# Thread: multintegral question with change of variable

1. ## multintegral question with change of variable

I need a little help with the following question:

find the region $\iint_R \sin(9x^2+4y^2) \ dA$, bounded by the ellipse $9x^2+4y^2=1$ in the first quadrant.

I drew out the bounds which gave me a function where $0 \leq x \leq \frac{1}{3}$ and $0 \leq y \leq \frac{1}{2}$.

now if I let $u=9x^2$ and $v= 4y^2$ I would get:

$x=\frac{1}{3}\sqrt{u}$ and $y =\frac{1}{2}\sqrt{v}$

so my value associated to the Jacobian transformation would be:

$\frac{1}{24}\cdot \frac{1}{\sqrt{u\cdot v}}$

the bounds associated with both $u$ and $v$ are $0\leq u \leq 1$ and $0\leq y \leq 1-u$

so putting everything together yields:

$\int_{u=0}^{u=1} \int_{v=0}^{v=1-u} \sin(u+v) \cdot \bigg{|}\frac{1}{24}\cdot \frac{1}{\sqrt{u\cdot v}} \bigg{|} \ dv \ du$

now this is the part that I get stuck on since $\frac{\sin(u+v)}{\sqrt{u\cdot v}}$ doesn't integrate nicely, and checking out my work on maple gives me a bizarre result.

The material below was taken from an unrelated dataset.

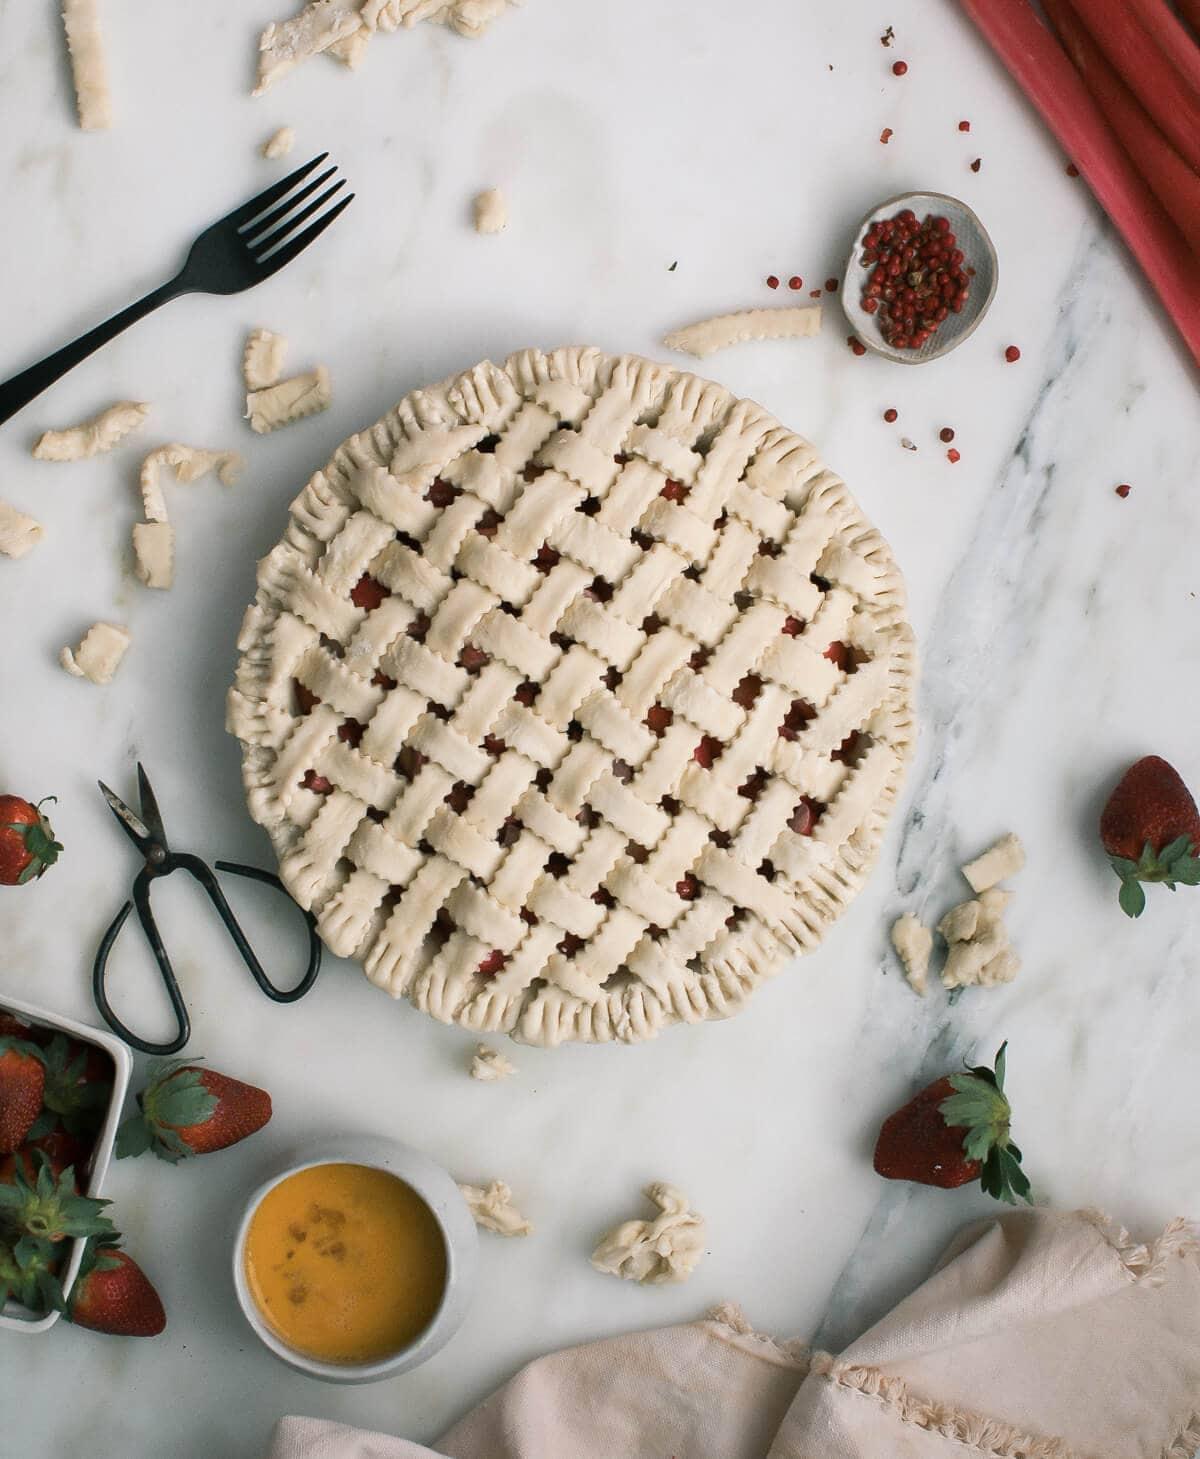 Rhubarb Strawberry Pink Peppercorn Pie A Cozy Kitchen

2. Originally Posted by lllll
I need a little help with the following question:

find the region $\iint_R \sin(9x^2+4y^2) \ dA$, bounded by the ellipse $9x^2+4y^2=1$ in the first quadrant.

I drew out the bounds which gave me a function where $0 \leq x \leq \frac{1}{3}$ and $0 \leq y \leq \frac{1}{2}$.

now if I let $u=9x^2$ and $v= 4y^2$ I would get:

$x=\frac{1}{3}\sqrt{u}$ and $y =\frac{1}{2}\sqrt{v}$

so my value associated to the Jacobian transformation would be:

$\frac{1}{24}\cdot \frac{1}{\sqrt{u\cdot v}}$

the bounds associated with both $u$ and $v$ are $0\leq u \leq 1$ and $0\leq y \leq 1-u$

so putting everything together yields:

$\int_{u=0}^{u=1} \int_{v=0}^{v=1-u} \sin(u+v) \cdot \bigg{|}\frac{1}{24}\cdot \frac{1}{\sqrt{u\cdot v}} \bigg{|} \ dv \ du$

now this is the part that I get stuck on since $\frac{\sin(u+v)}{\sqrt{u\cdot v}}$ doesn't integrate nicely, and checking out my work on maple gives me a bizarre result.
You should make the change of variable $3x = r \cos \theta$ and $2y = r \sin \theta$.

3. This method is essentially what mr fantastic posted above.

We have that $R=\left\{ (x,y)\in {{\mathbb{R}}^{2}}|9{{x}^{2}}+4{{y}^{2}}\le 1 \right\}.$

Now make the subsitutions $(x,y)=\left( \frac{u}{3},\frac{v}{2} \right)$ so that $dx\,dy=\frac{du\,dv}{6},$ so $R$ will be transfered to the unit circle $u^2+v^2\le1.$ Now just do the polar transformation and you'll end up with the classic bounds $0\le r\le1$ and $0\le\varphi\le2\pi$ and we're done.